# japshow final



## lee b (Mar 27, 2011)

is anyone one here going. its the 18th of September (sunday main event) i'll be there so feel free to say hello.
i'll be on the track to so wish me luck :driver:


----------



## scotty44 (Aug 21, 2008)

I'll be there for the weekend with 10+ members from my club, only on the track saturday as I maybe to hung over after a night in the hotel to run on the sunday


----------



## lee b (Mar 27, 2011)

we did have a club stand but couldn't get more than 10 people so looks like im just going to park in the normal car park. unless i can sneak in the show nd shine lol


----------



## OllieWestwood (May 29, 2008)

I saw you in s+s love the colour o your Supra, what is it??

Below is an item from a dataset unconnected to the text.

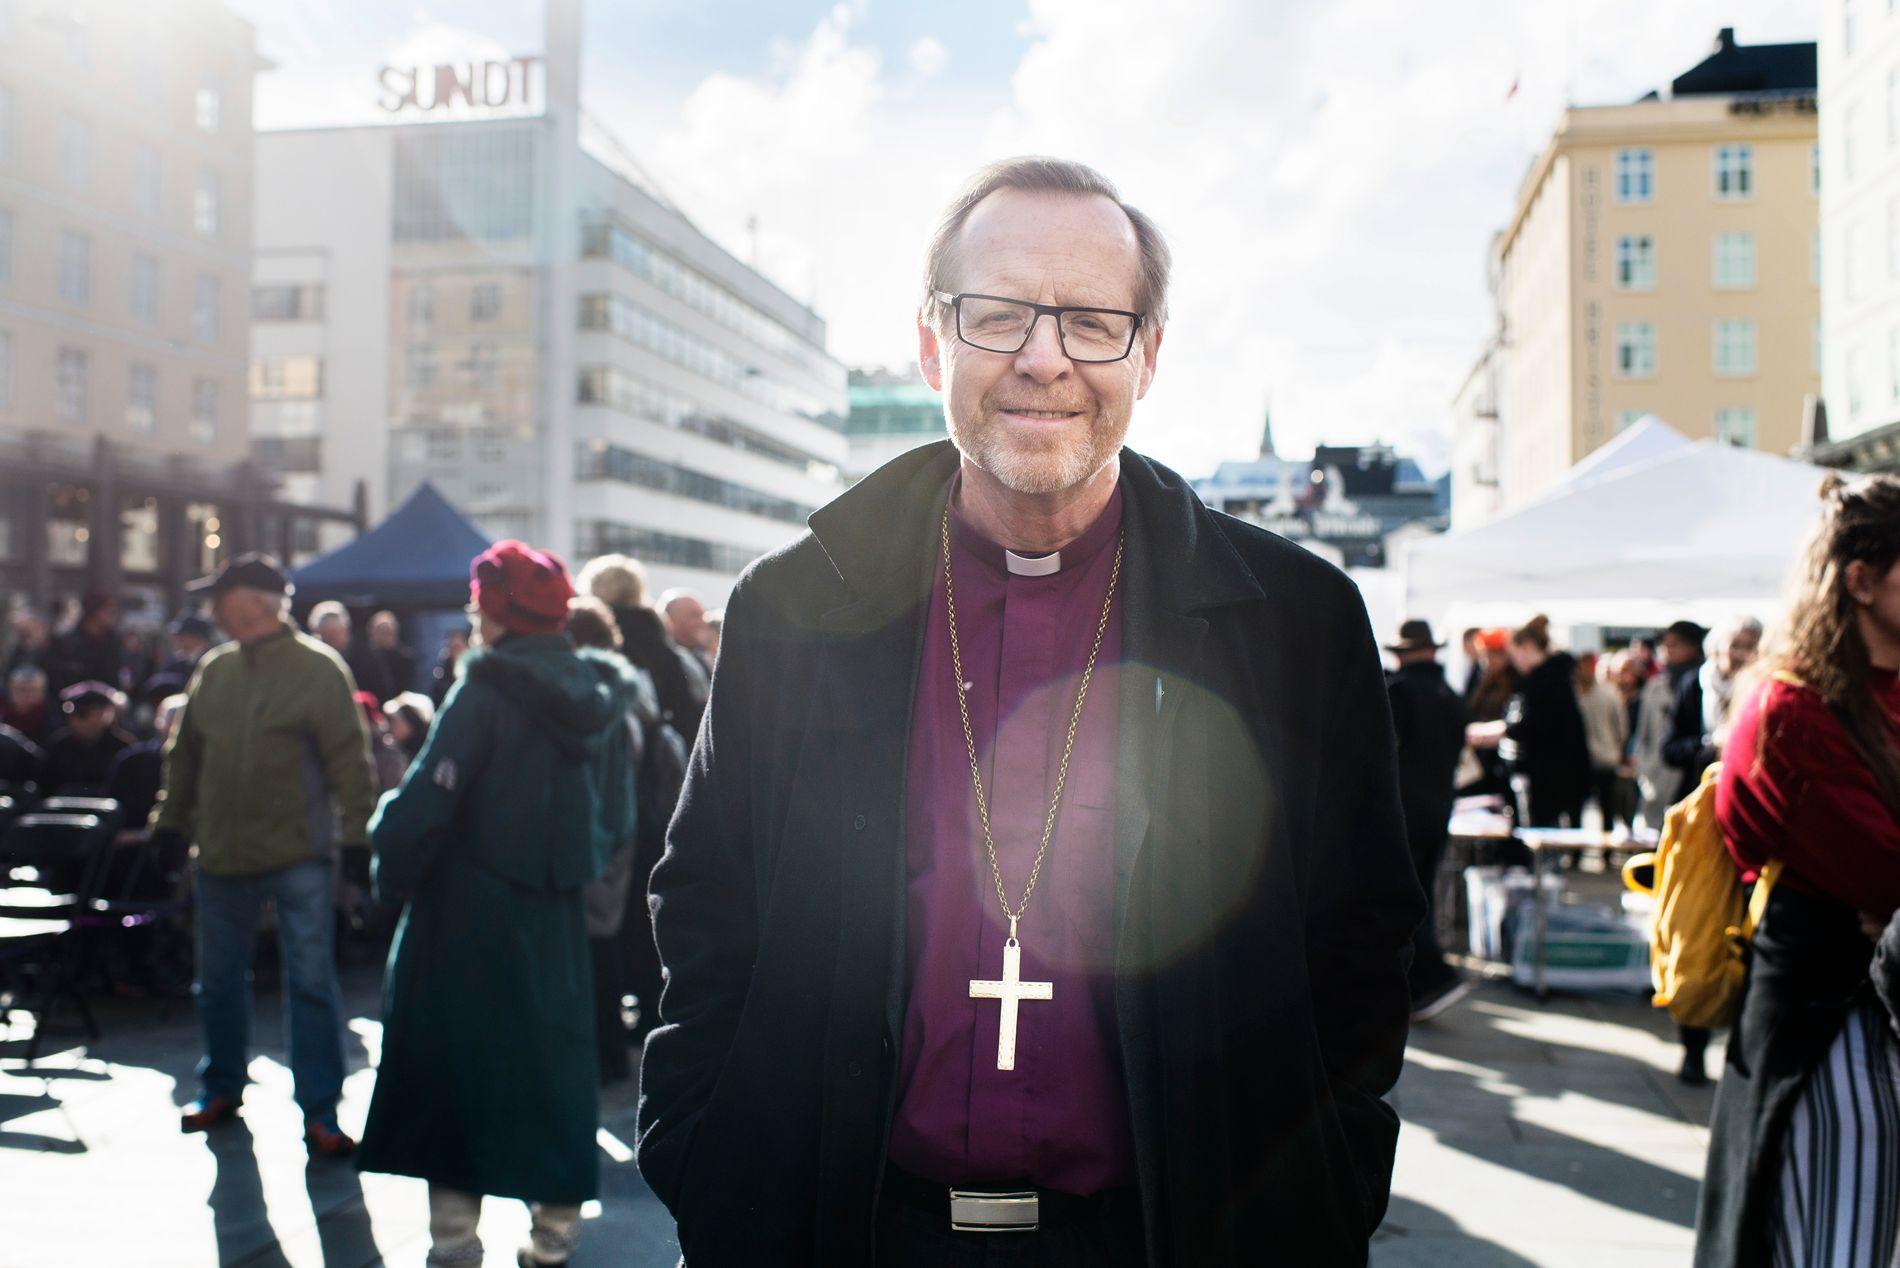 TAL: Sidan artikkelen i BT tek for seg Bergen og Sogn og Fjordane, vil det vera rimeleg å nytte tal for Bjørgvin, skriv biskopen.
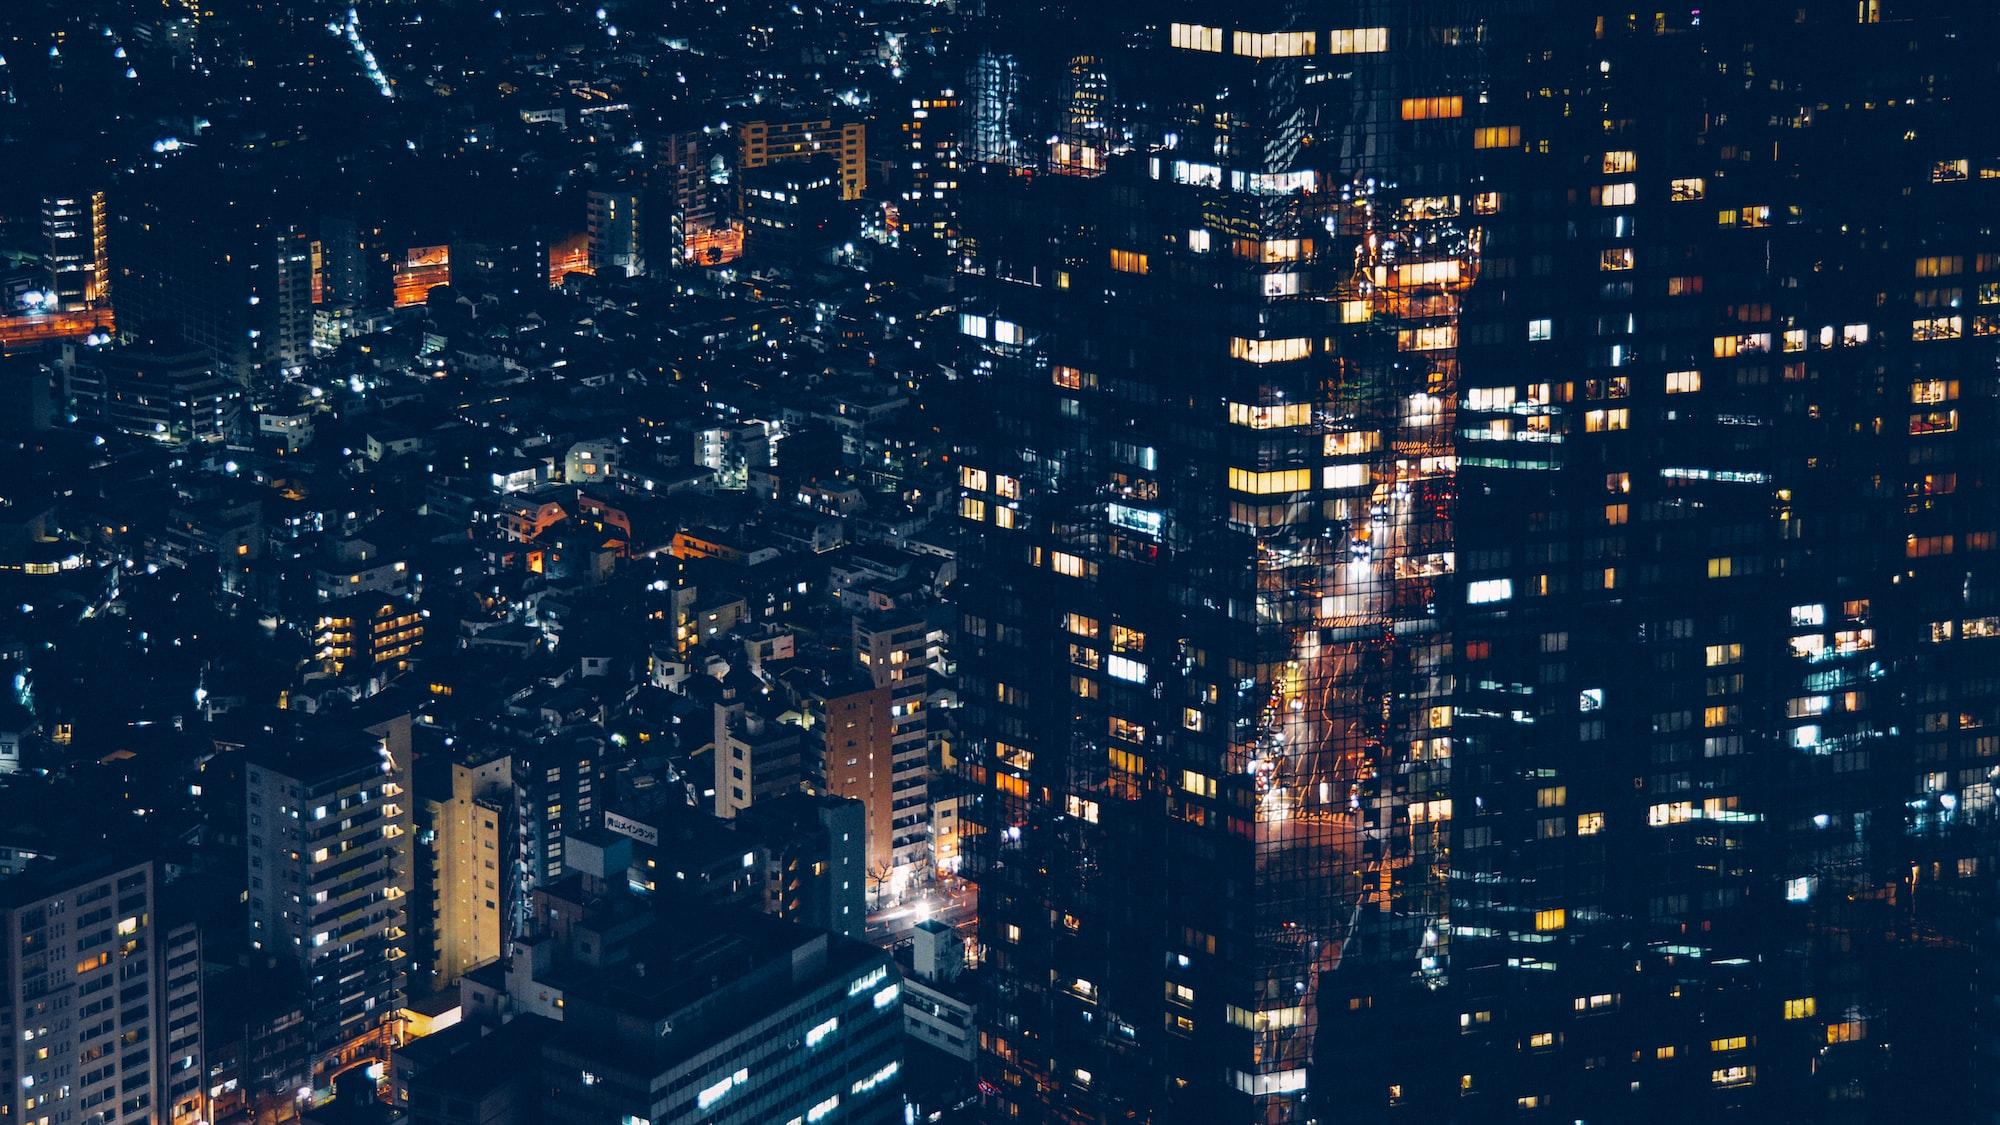 Dados imobiliários não são apenas índices estritamente relacionados a imóveis, mas qualquer dado que ajude a entender a dinâmica social, econômica e geoespacial da região. Photo by Jannes Glas / Unsplash

Not sure if you saw my car I was in the green 200sx s14a parked at the front of s+s


----------



## lee b (Mar 27, 2011)

OllieWestwood said:


> I saw you in s+s love the colour o your Supra, what is it??
> 
> Not sure if you saw my car I was in the green 200sx s14a parked at the front of s+s


thanks mate yes i remember your car mate very nice.
its bronze but looks gunmetal in most lights. standard colour but its fairly rare.
i managed to get the class b winners trophy with made my day. hope you have a good time.


----------